Intermittent Windows Agent Connection For Breach Detection System
Incident Report for CyFlare
It was determined that after the Windows agent was upgraded, required services may have stopped running and required restart. A watchdog system is built into the agent to prevent this from happening, however a specific check was not included and allowed this to happen. When this occurs the agent would show as disconnected and may no longer send log data.

The scope for this incident is limited to Windows Servers that have the Breach Detection Agent deployed. Not all servers were affected.

Should you have servers that were affected, your customer success manager will reach out to you directly.
Posted Mar 06, 2020 - 17:32 EST
We have identified an issue in which some clients and some windows servers may not be connected and sending data. We have investigate the issue and determined root cause along with corrective action to be sure they do not recur in future upgrades.

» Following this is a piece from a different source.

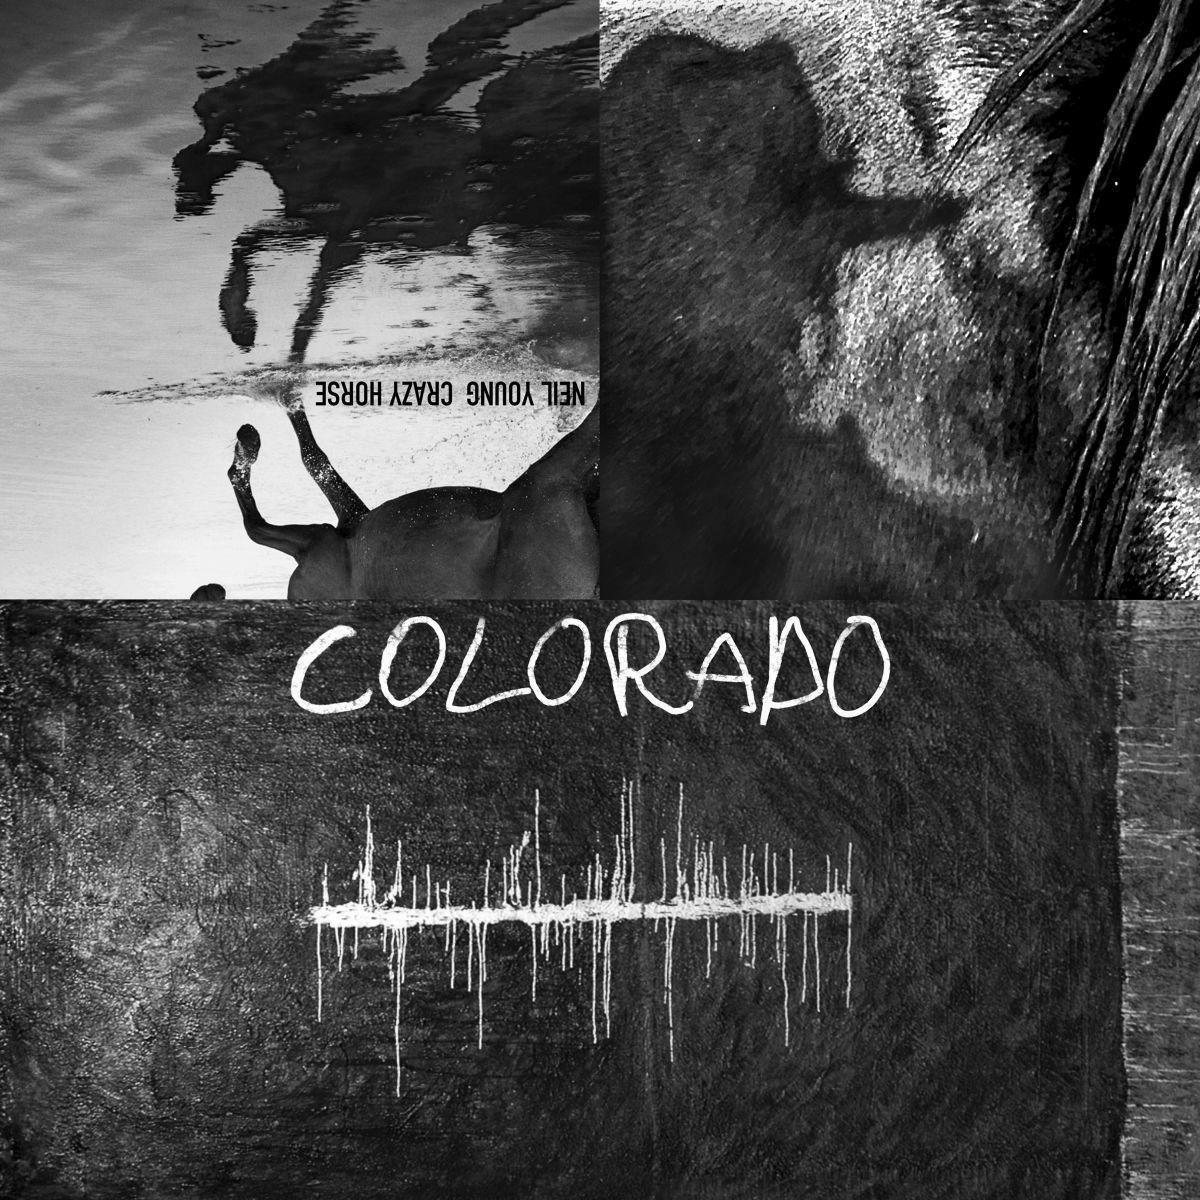 Neil-Young-and-Crazy-Horse-Colorado-album-stream-artwork.jpg.277a506cf73f0496c7b1c8426cbdd799.jpg

Your Customer Success Manager will be in touch within the next 24-48 hours to discuss and provide feedback or further instruction if you have servers in your environment that were affected along with instructions for remediation. Please note, in coordination and round the clock support we have made modifications to ensure logs from the last week are harvested and sent to cloud for analysis.

Thank you for your support of CyFlare as we continue to improve on critical items such as this, and we appreciate your attention to this matter.

This incident will be left open until we are confirmed have released the patch, expected within 12-18 hours and confirmed all systems are functioning as normal.
Posted Mar 05, 2020 - 22:29 EST
This incident affected: Breach Detection Service.